Discard the Dross and Select the Essential: Pre-query Sample Selection for Black-box Membership Inference Attacks
2026-06-29 • Cryptography and Security
Cryptography and Security
AI summaryⓘ
The authors study how to improve black-box membership inference attacks, which try to tell if certain data were used to train a model by asking the model questions. They note that not all data give clear clues, so asking indiscriminately wastes effort and risks revealing the attack. To fix this, they propose PSS-MIA, a method that first picks the most informative samples based on a new ranking technique called Loss-Gap Ranking before querying the model. Their tests show that this approach reduces the number of needed queries by a lot while maintaining good attack performance across different datasets.

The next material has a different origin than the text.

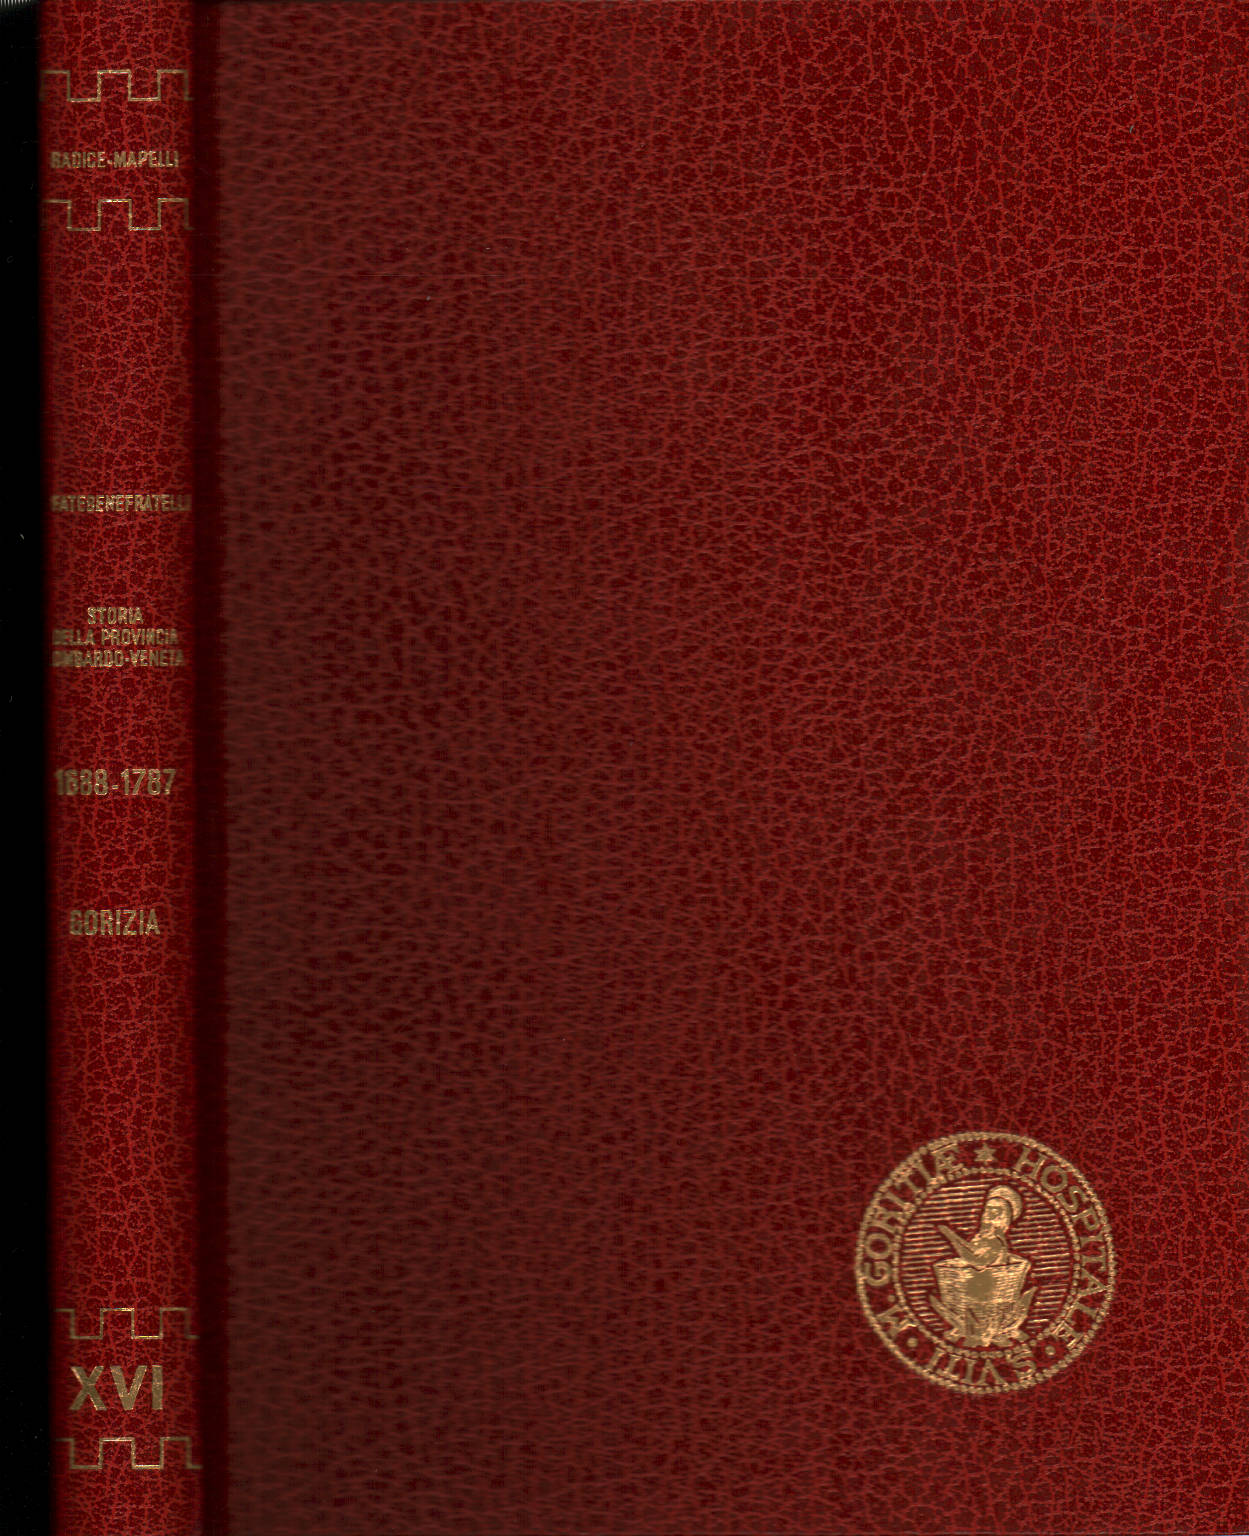 The Fatebenefratelli History of the Province of Lombardy, Gianfranco Radice Celestino Mapelli

membership inference attackblack-box modelquery costmembership signalsample selectionLoss-Gap Rankingreference modelsfalse positive rateCIFAR-10CIFAR-100
Authors
Dongdong Zhao, Jinrong Hu, Changtian Song, Jian Chen, Hongmin Wang, Baogang Song
Abstract
Black-box membership inference attacks (MIAs) rely on target-model queries to infer whether candidate samples were used for training. However, membership signals are highly non-uniform across samples: some candidate samples support strong member/non-member separability, whereas many others provide little useful signal. Consequently, indiscriminate querying can incur substantial query cost and increase query-induced exposure, with limited marginal benefit for inference. This raises a key question: which candidate samples are worth querying for black-box MIAs? To address this question, we propose PSS-MIA, a pre-query sample selection framework which can be embedded with any existing MIA methods. PSS-MIA proceeds in two stages: it first ranks candidate samples and selects a subset expected to support stronger membership inference, then queries the selected samples and uses the returned outputs for an existing black-box MIA, thereby reducing query cost and query-induced exposure. In the first stage, we propose Loss-Gap Ranking (LGR), which ranks candidate samples by estimating the strength of their membership signal using loss gaps computed from reference models. Experiments on CIFAR-10, CIFAR-100, and CINIC-10 with five representative black-box MIA methods demonstrate that PSS-MIA with LGR consistently outperforms all other compared methods. Moreover, under a 0.1% FPR constraint, PSS-MIA can save at least 83.1%, 60.6%, and 80.4% of the query budget for the three datasets, respectively.